Unusual loss of reads after demultiplexing: Barcodes not matching between R1 and R2

Dear Community,

I am writing this to post to evaluate if our problem can be solved with qiime2 or if its a lab- or provider problem.

We are facing the problem that our Illumina sequence data severely suffers from barcode mismatches between R1 and R2. We usually deploy a 2 x 250 HiSeq protocol targeting a 300 bp region of the 16S gene or ribosome.

In our current DADA-2 pipeline, demultiplexing occurs by checking both barcodes in R1 and R2 by looping cutadapt through the barcodes with this parameters:

cutadapt -j 30 -O 8 --no-indels -e 0 -g ^Barcode1 -G ^Barcode1 --discard-untrimmed

However, in most cases the barcodes differ between corresponding reads in R1 and R2. This step results in a read loss of somewhere between 50% and 95% of all reads. Meaning that in a 10 million read project we – at the very minimum - lose more than 5 million observations just by demultiplexing.

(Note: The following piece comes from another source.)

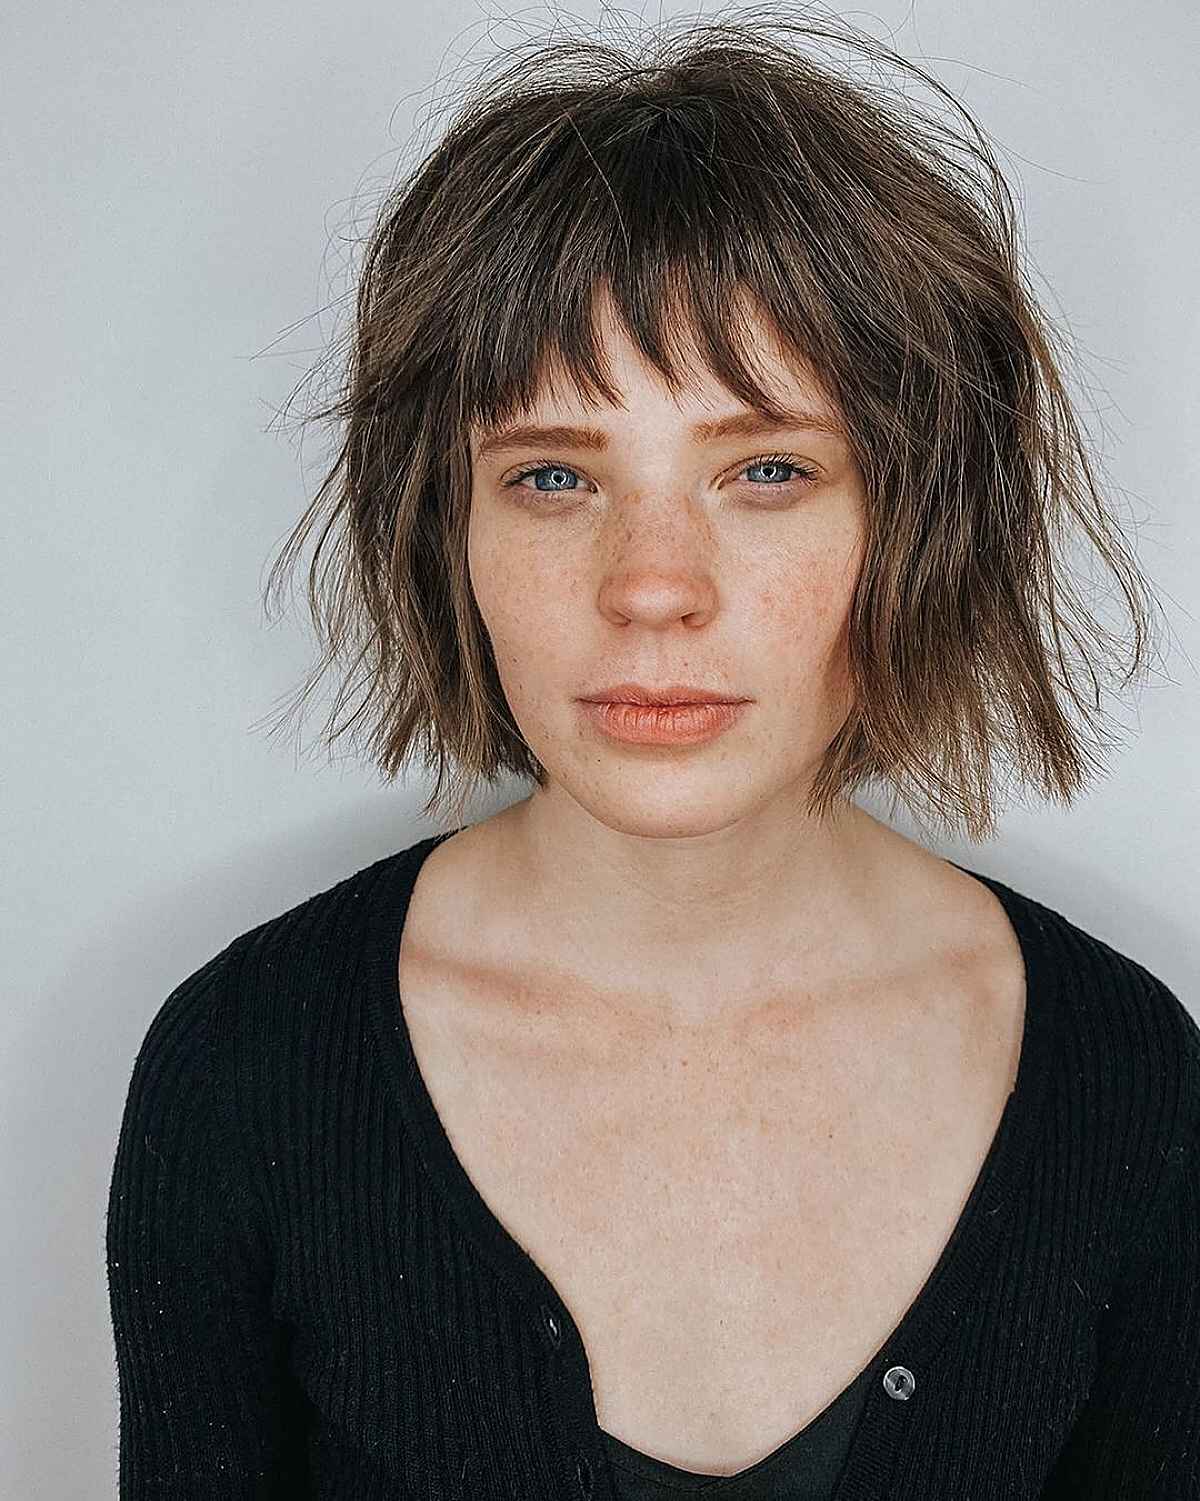 25+ Chic Short Layered Bob with Bangs for an Eye-Catching Crop

We checked if our barcode library has a contamination problem by testing if there are systematic errors (e.g. overrepresentation of certain barcodes, or if barcodes from neighboring box locations affect each other more frequently) but failed to see any.

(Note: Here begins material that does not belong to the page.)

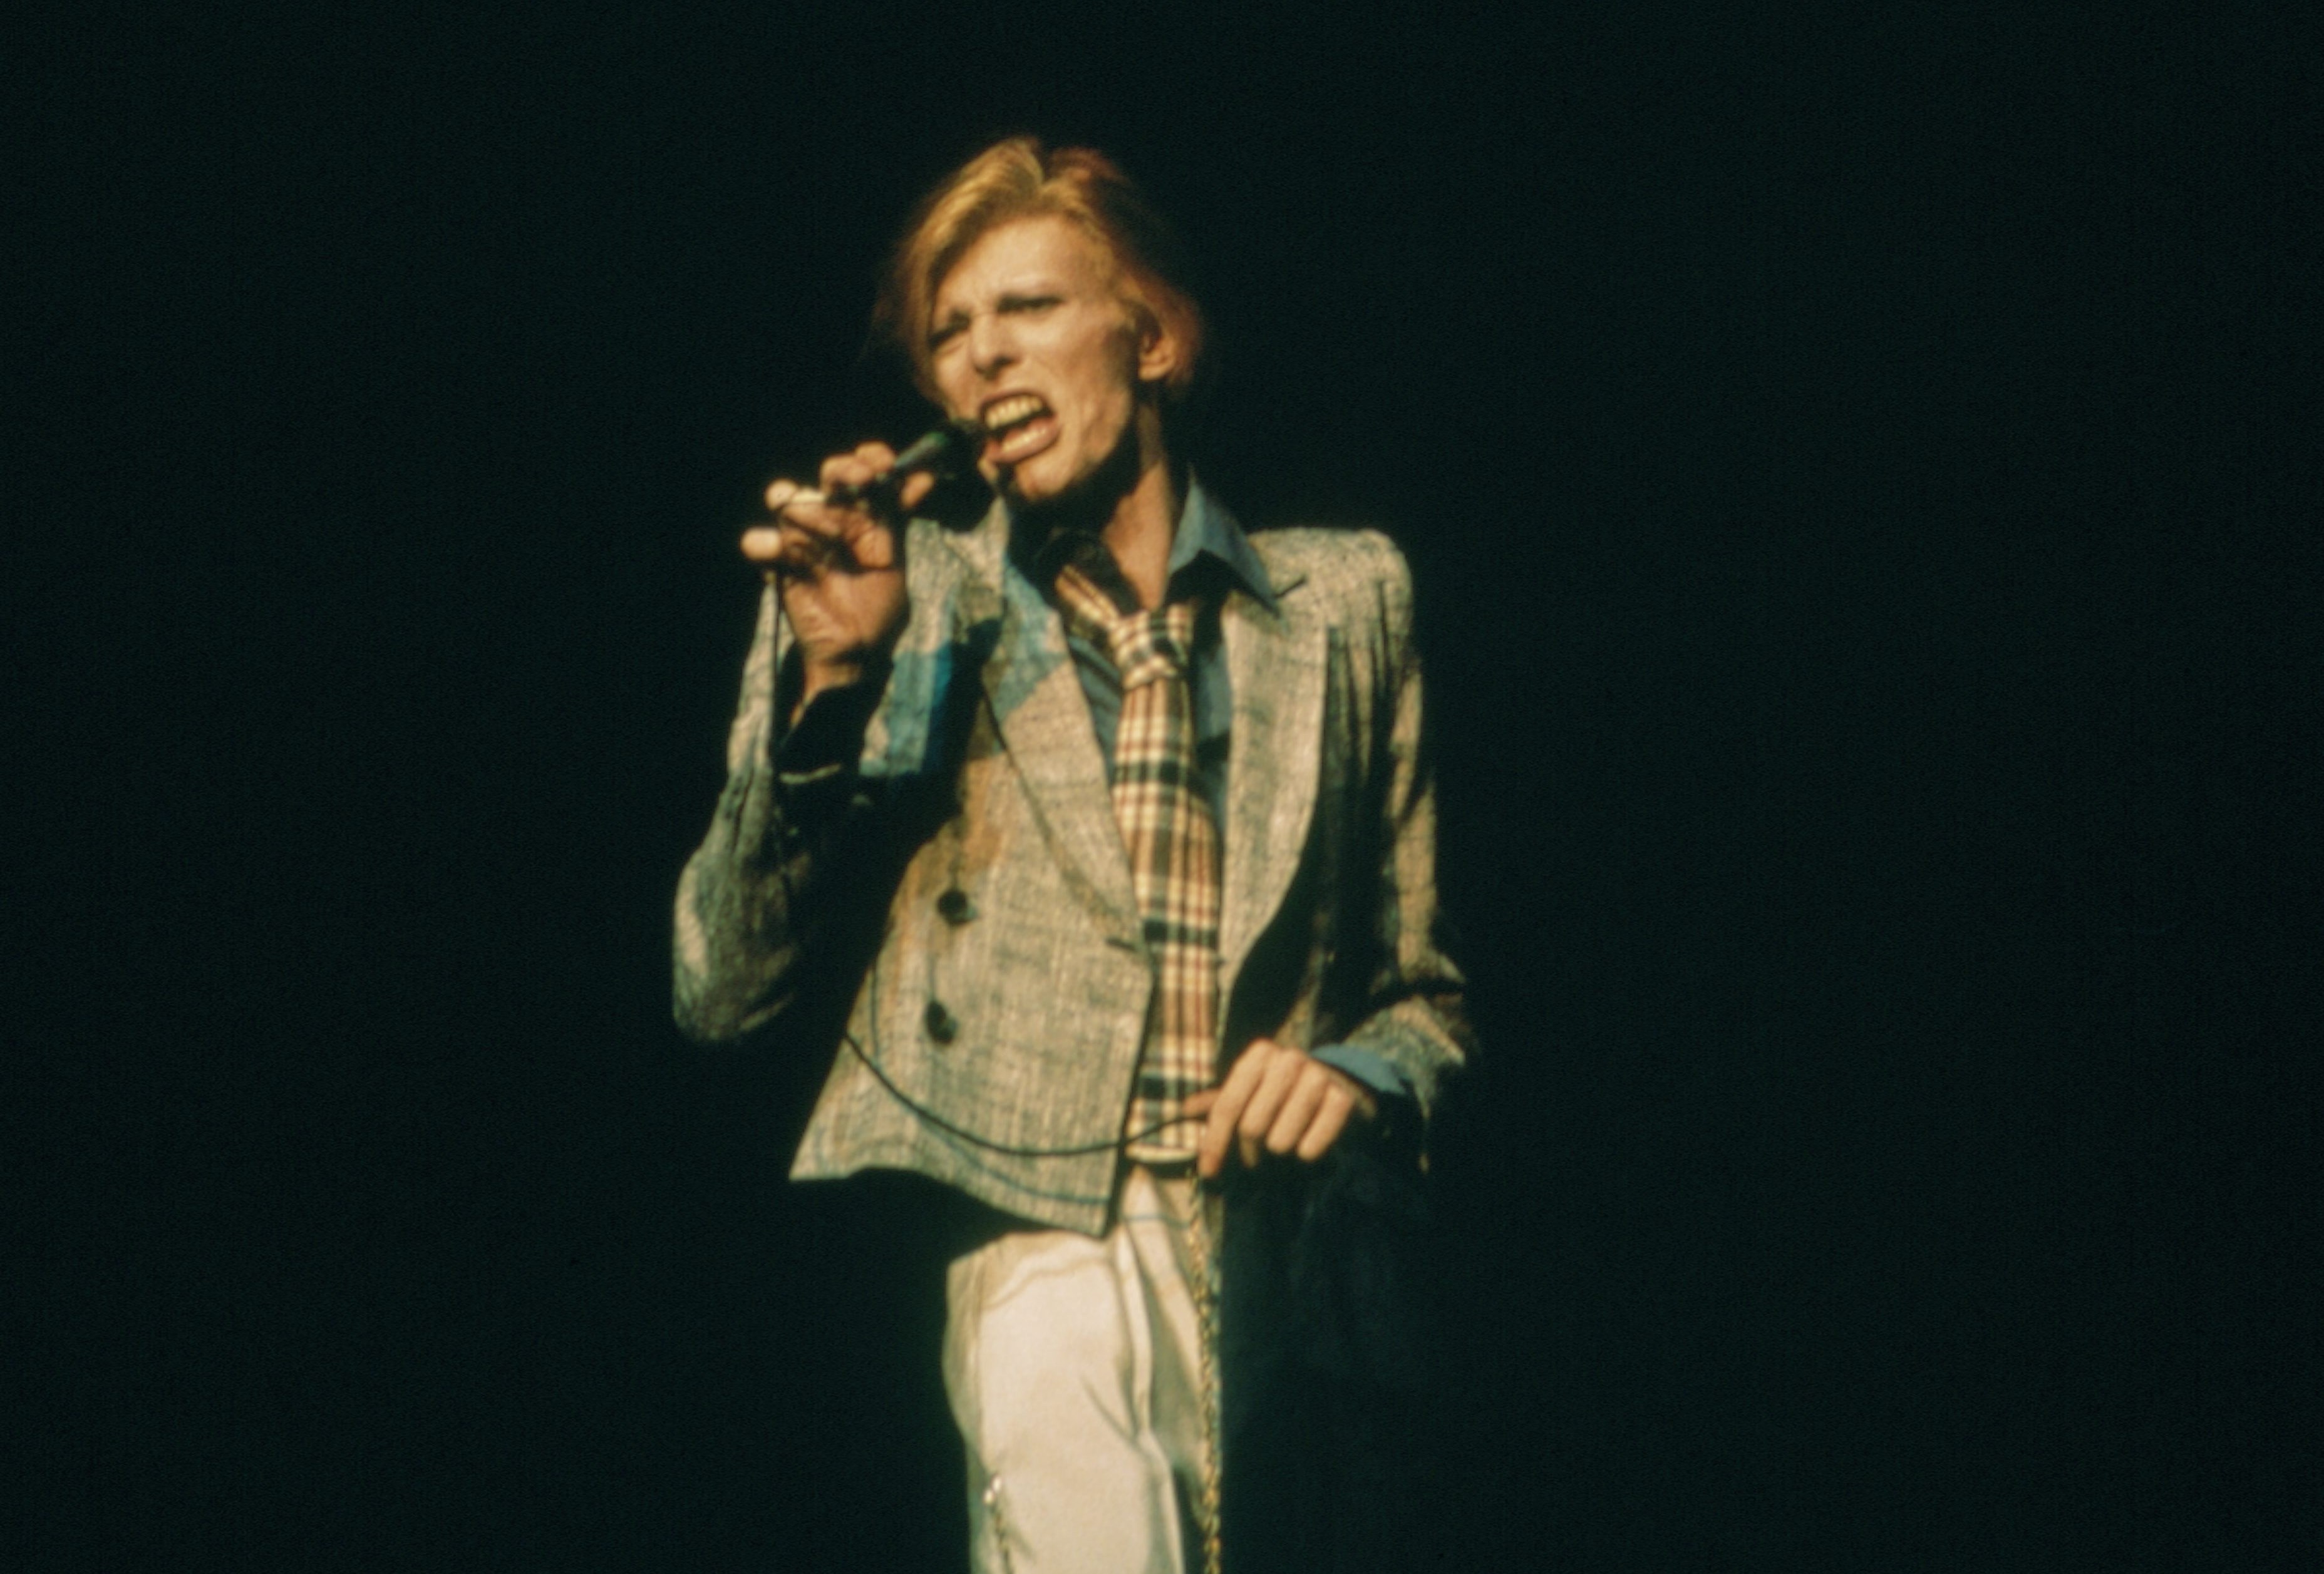 Archive photo of David Bowie

The problem is so severe that the scientific interpretation drastically changes between using the merged paired end reads and using only the single reads for analysis. Interestingly there is a good agreement between using R1 and R2 alone, but both differ greatly from the merged reads. This is likely the result of the read loss and the subsequent loss of many rare reads, and thus ASVs.

Our provider insists that there is no error on their side.

My questions:

  1. Do you also experience strong mismatches between barcodes of corresponding reads in R1 and R2?

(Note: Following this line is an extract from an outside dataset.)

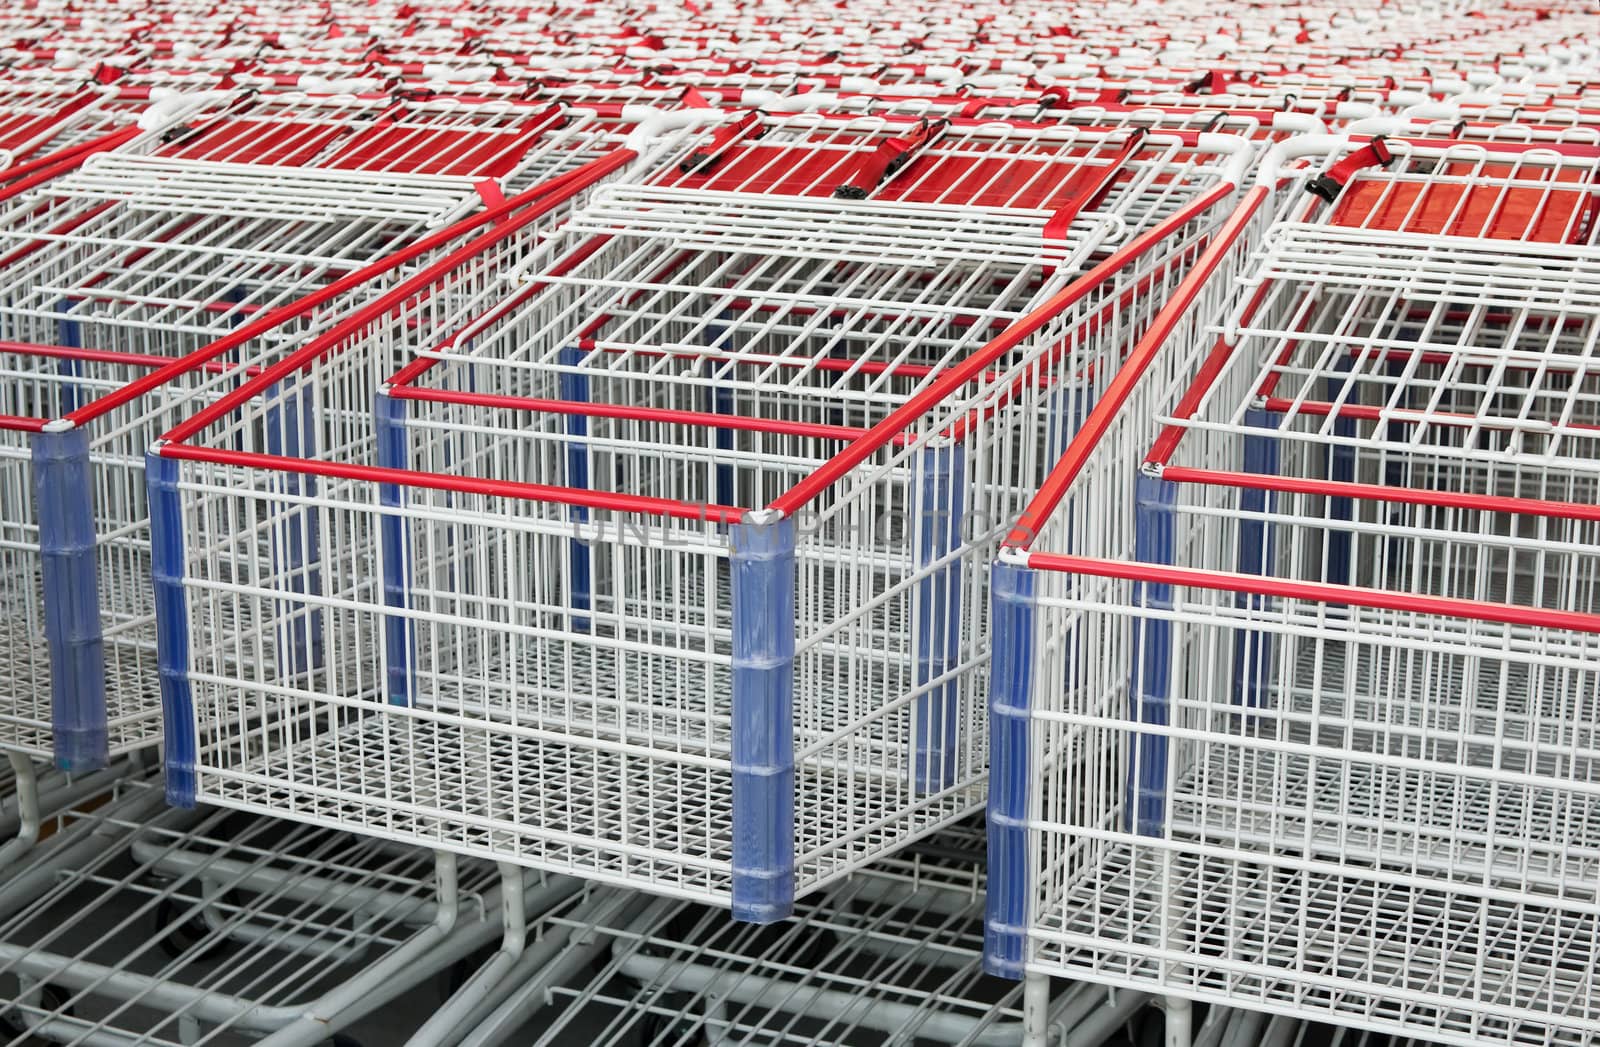 American shopping carts stacked together. by Shane9

  2. Do you have any advice on resolving this problem? Can this be further evaluated or even fixed with QIIME2?

Hi @nouse1234,

Can I ask more information on the libraries? More in specific, who did the libraries, your lab or your sequencing provider?
I asking because, in my experience, dealing with read pairs in which read 1 has a different barcode than read 2 is the most common situation. This is related on the way the library prep is designed and this dual-barcode index design is the current way to squash as many samples as possible into a single lane of Illumina. If your provider did the libraries, you should have received a sheet with the demultiplexing scheme for your samples. If you did the libraries, I am sorry for starting from the basic, but is just to exclude the most easy-to-fix situation!
If read1 and read2 are definitely expected to have the same barcode (a different for each sample), than I would look at the files by opening with a text-editor to see what sequences are in read1 and read2, to investigate in what way they differ (if you have scripting language experience you could use the grep command (or PERL/Python scripts) to see how many times the Barcode1 is present in read 1 file and in read2 file), and maybe shortening their sequences to see if they are present as some kind of variations.

Could you please send few lines for your demultiplexing spreadsheet, so we can have a look? Feel free to send as private message if you prefer!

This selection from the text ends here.